著者: 近藤信義
イラストレータ: えびね
レーベル: 電撃文庫
レールダム福音連邦は世界制服を掲げるアールガウ帝国と衝突。第二次エルメロー沖会戦と呼ばれる戦いはレールダムが押し気味に進めるが、レールダムの一州ローデウェイク辺境州の辺境公ラシードの弟にして紫苑騎士団を率いるジュラだけは敗北を予言。そして戦局はジュラの予言通りにレールダムの敗北に至る。

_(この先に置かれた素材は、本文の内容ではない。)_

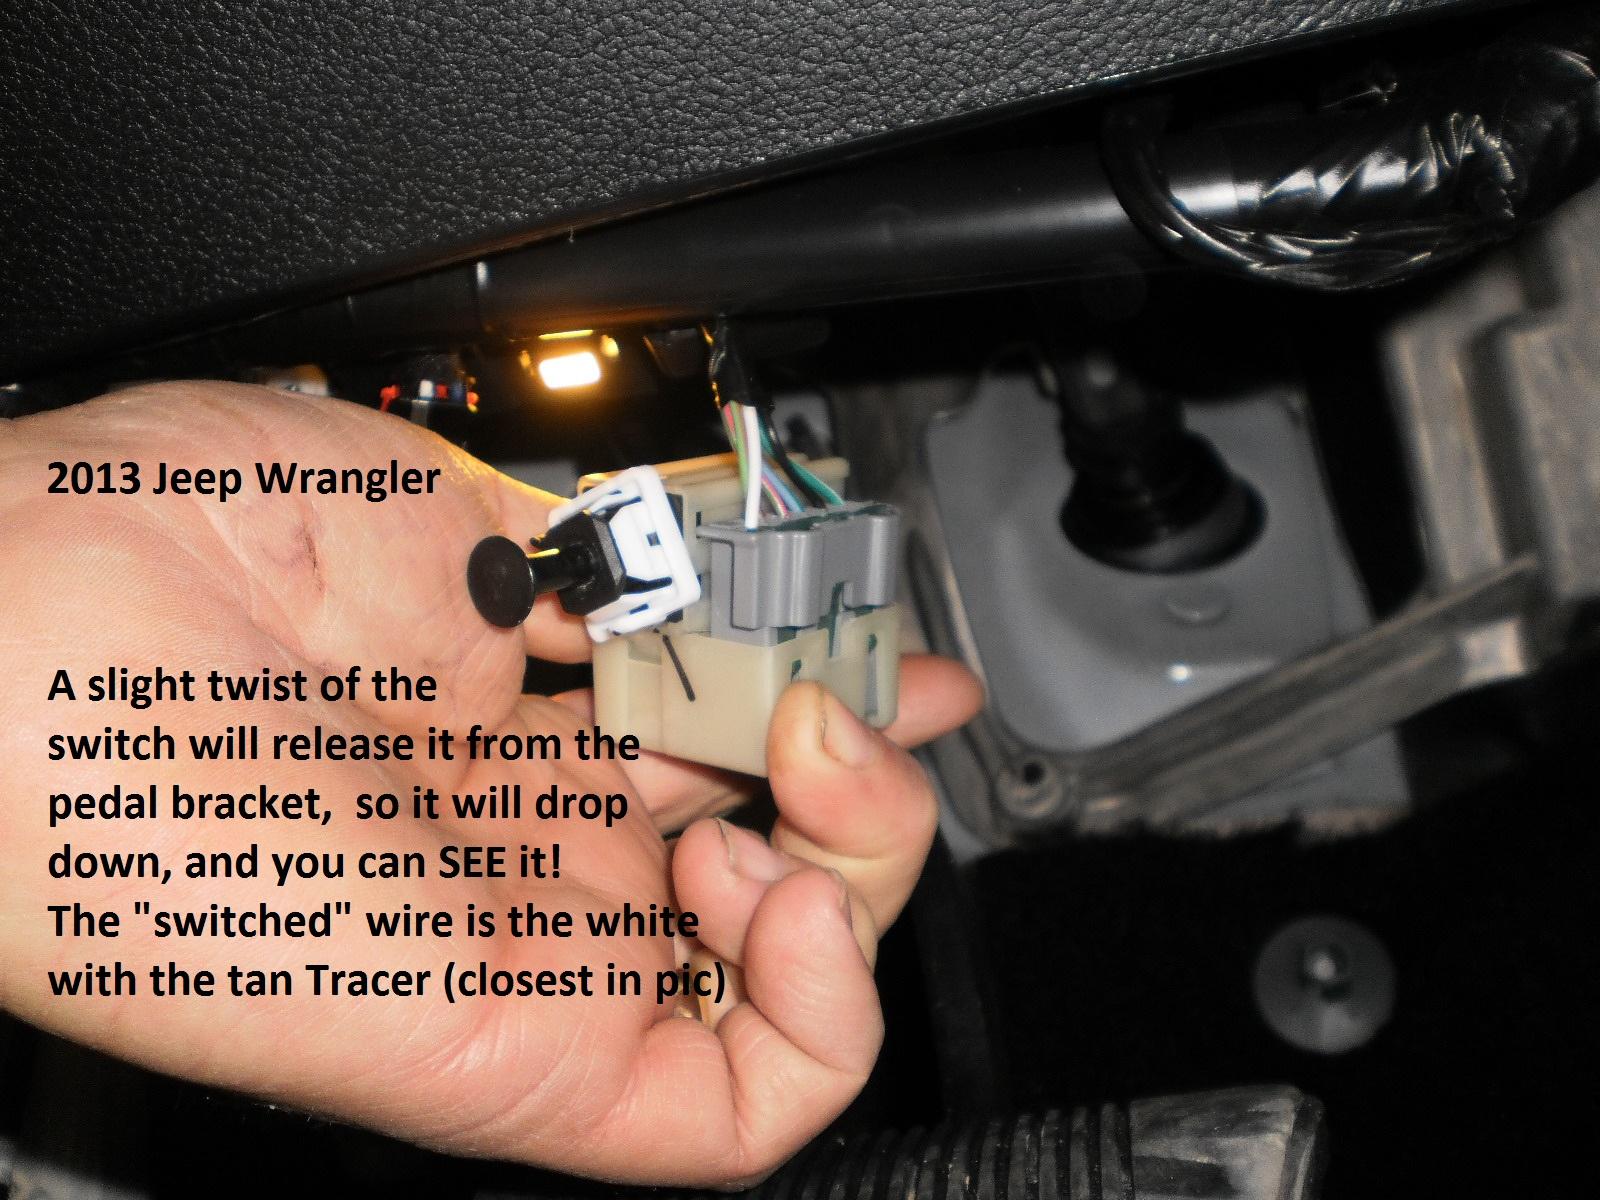 jeep wrangler tj wiring harness diagram 92 jeep wrangler trailer wiring diagram wiring diagram schematics  92 jeep wrangler trailer wiring diagram

なんとか敗戦の中から逃げ出したラシードとジュラたちだったが、帰城の途中で奇妙な少女に襲撃される。記憶を持たない少女はノウラと名付けられラシードに引き取られる。一方でレールダムは崩壊、ローデウェイクはのっぴきならない状態に陥る。降伏か、抗戦か。選ぶ間もあらばこそ、敵は押し寄せ、ローデウェイクは戦乱の中で一つの軸を形成していく……。
粗筋を書くと存外分かりやすい戦乱群雄ものなのですが、〈冥海〉や〈海獣〉といった世界設定がちょっと分かりにくいというか、物語に活かされていません。ヒロインのノウラに関る部分ではあるのですが、なくても物語が進むところがなきにしも非ずで、便利に使われてしまっている印象です。最初からガチンコの戦乱ものにした方が良かったのではないかと、巻を重ねた今は思ってしまいます。
取っ付きの悪さが災いしていますが、それほど悪くはない作品。